A very general discussion-Not specific to a system:
The internal energy, $U$, of a system is a function of state, which means that its value only depends on the thermodynamic variables ($P, V, T)$ for example, at a given state (this means for a given set of values of these variables).
Let us make this more concrete: Imagine the system is in a thermodynamic state where the thermodynamic variables have the values ($P_i, V_i, T_i$) ($i$ stands for initial). At these values of the thermodynamic variables the internal energy has a value:
Internal energy at the initial state $i$: $U(P_i,T_i,V_i)$.
You can think of a gas at pressure, volume and temperature condition ($P_i, V_i, T_i$). Now imagine you change the thermodynamic variables to these ones ($P_f, V_f, T_f$) ($f$ stands for final).

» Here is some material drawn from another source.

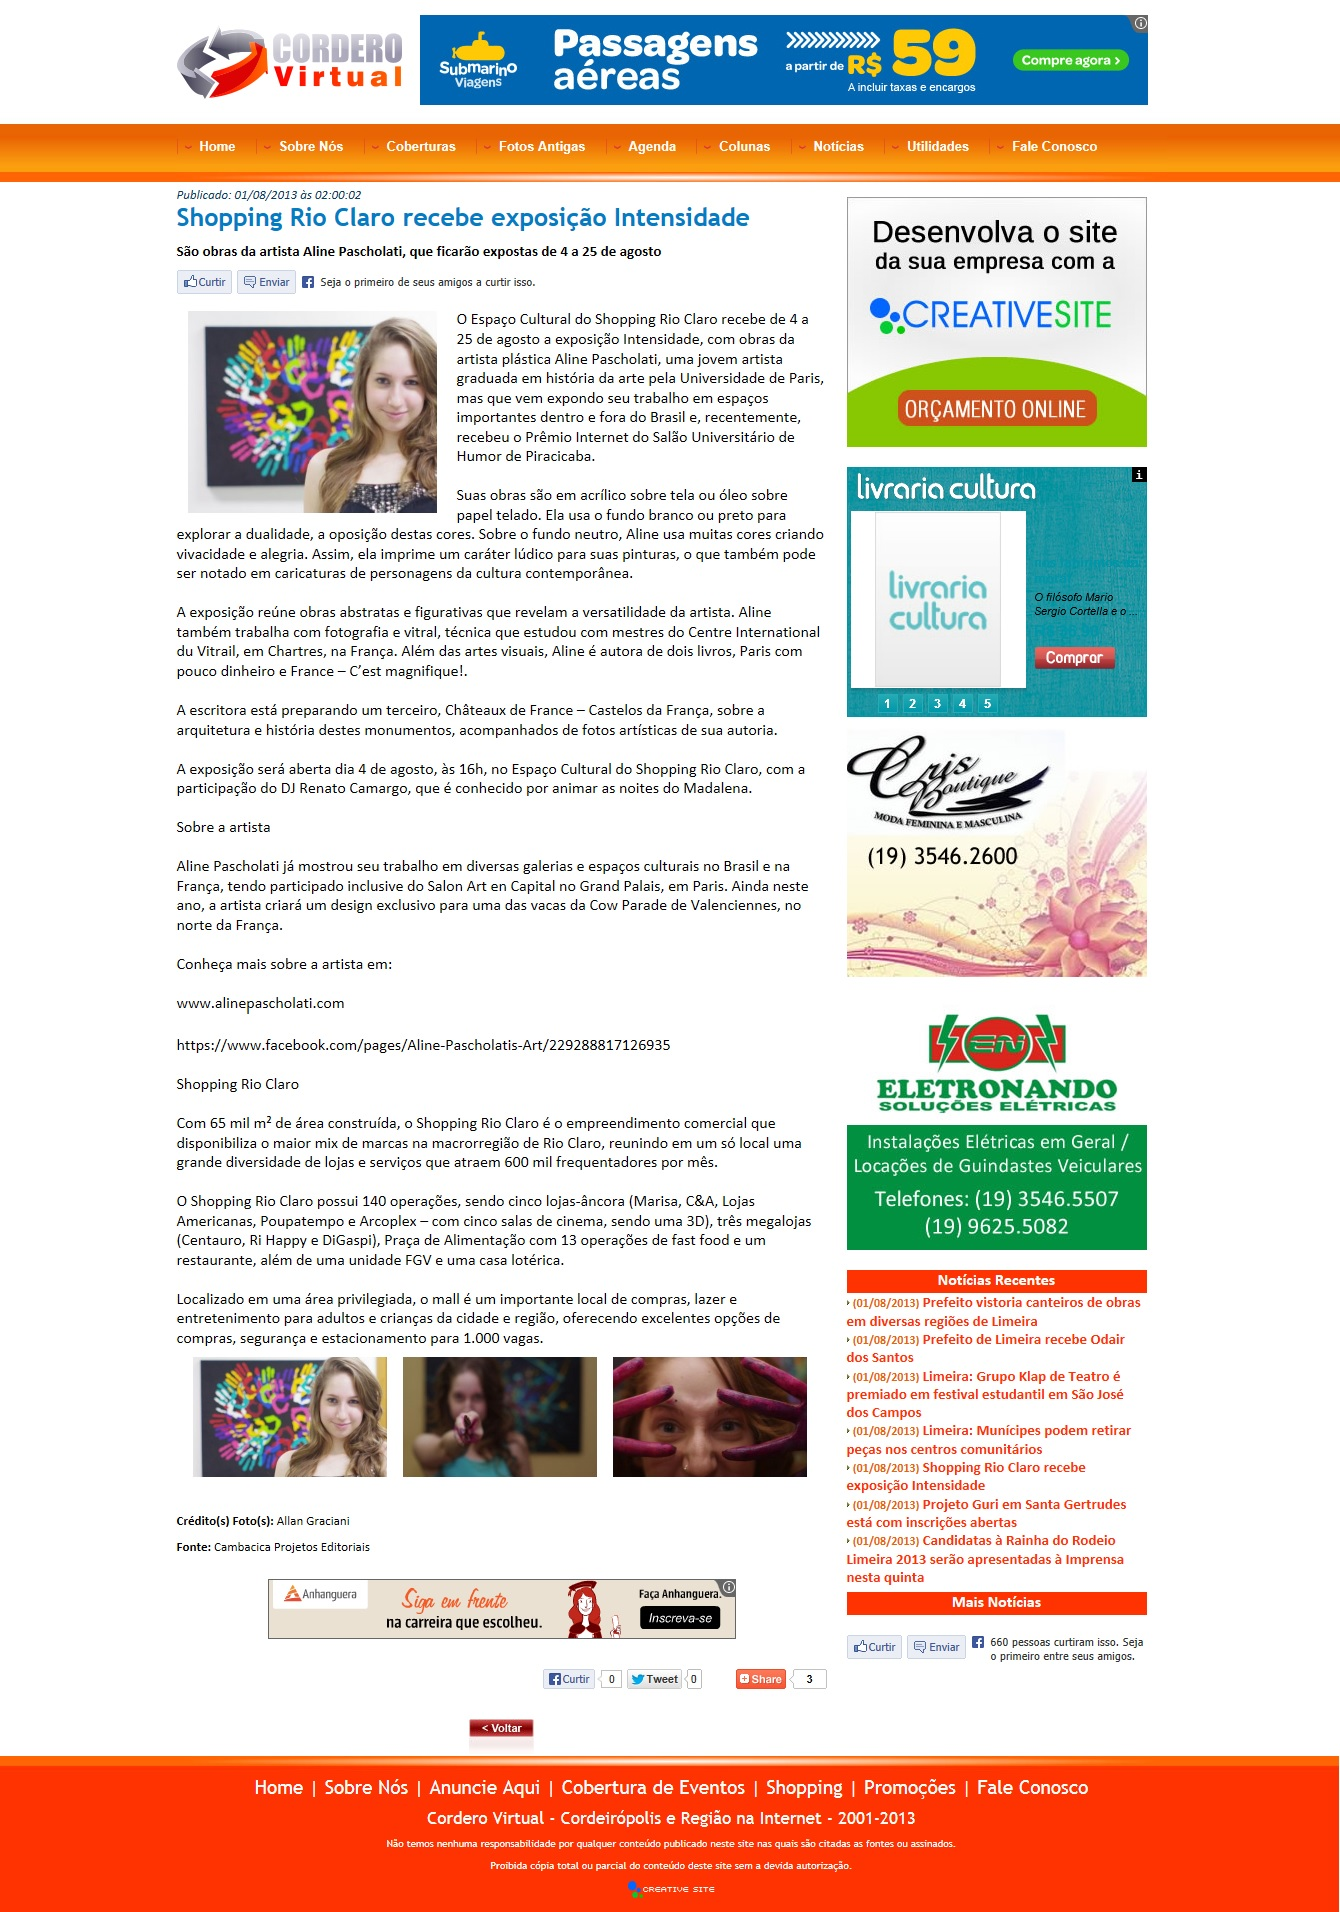 Website Cordero Virtual

The internal energy now has a new value
Internal energy at the initial state $f$: $U(P_f,T_f,V_f)$.
In this process you have changed the internal energy of the system by an amount:
Change in U: $\Delta U= U(P_f,T_f,V_f)- U(P_i,T_i,V_i)$
I hope it is clear to observe that the system could have followed an infinitely large set of $(P,V,T)$-points, along an infinitely large number of different paths in order to go from state $i$ to state $f$. However, these are not, in any way, influencing by how much $U$ will change, you can take which ever path you please to go from state $i$ to state $f$. So the system has no memory of the intermediate states.
In mathematical terminology, this means that the differential change, $dU$, is a perfect differential and this is stated by the simple mathematical expression
$\oint_C dU=0$
It is very similar to the gravitational potential of the Earth, for example, which tells us that the amount of energy we need to spend to lift an object by 3m, does not depend whether we bring it straight vertically up or we follow some other path.
Your definition is a bit funky. I'll explain.
Explanation
As much as I like that you explicitly express internal energy $U$ as a function of state, for clarity I'm going to drop $\boldsymbol{R}$ for now.
We can't directly measure the absolute internal energy of a system, we can only infer its change by understanding some defined process. Consider the change in internal energy between two arbitrary states. By definition this is:
$\Delta U_{1 \rightarrow 2} = U_2 - U_1$
This applies equally to the case where we are considering internal energy relative to some reference state. We can express this as
$\Delta U = U - U_\text{ref}$
It doesn't matter what our reference state is, we can set $U_\text{ref} = 0$ so that
$\Delta U = U$
For a given state, internal energy is always relative to the internal energy of some other (reference) state. In practice, analysis of a non-trivial system will involve multiple states, we could choose any as the reference or pick an appropriate standard state; in any case setting the value to zero or dealing exclusively with $\Delta U$ has a similar effect.
For some arbitrary state of interest (rather than processes), I'd argue setting $U_\text{ref} = 0$ is not only convenient, it's semantically the most appropriate thing to do. We make it zero by definition rather than making it, say $12.7$ (which would mean $U = \Delta U + 12.7$). There's no such thing as the "true" reference state, only the one you define.
Visualisation
Here's an illustration to underline why the absolute value of the reference state is unimportant.
This is a generic visualisation relevant to two arbitrary states of interest.
The relative positioning of $\boldsymbol{R}_\text{ref}$ doesn't affect $\Delta U_{1 \rightarrow 2}$.
If we set $\Delta U_1 = 0$, we're defining $\boldsymbol{R}_\text{ref} \equiv \boldsymbol{R_1}$
$\boldsymbol{R}_\text{ref} \equiv \boldsymbol{R_1}$ implies $\Delta U_{1 \rightarrow 2} = \Delta U_2 = U_2$
Best Answer
While there are many variables that characterize a thermodynamic system, such as volume $V$, pressure $P$, particle number $N$, chemical potential $\mu$, temperature $T$ and entropy $S$, these are not all independent of each others! In fact, any thermodynamic potential (such as internal energy, free energy, enthalpy) can be written as functions of either three of these variables.
Thus, in the most general case, you will get something like $$U(T,P,N)$$ where you specify temperature, pressure, and number of particles.
I think it's easier to understand if you realize that pressure and volume are intimately linked, and then think about the effect of interactions: These should get stronger if you reduce the volume of the system so particles are closer together and thus (typically) have a higher interaction energy.
In an ideal gas, there are no interactions, so volume doesn't really have an effect on the internal energy: $$U = \frac{3}{2} N k T$$
But if you have interactions, they will give you a contribution that depends on volume and, thus, on pressure.
EDIT: As an example, the van-der-Waals equation describes a gas of weakly interacting particles. There, Wikipedia gives the internal energy as $$U = \frac{3}{2} N k T - \frac{a' N^2}{V}$$ where $a'$ is a parameter describing the interaction.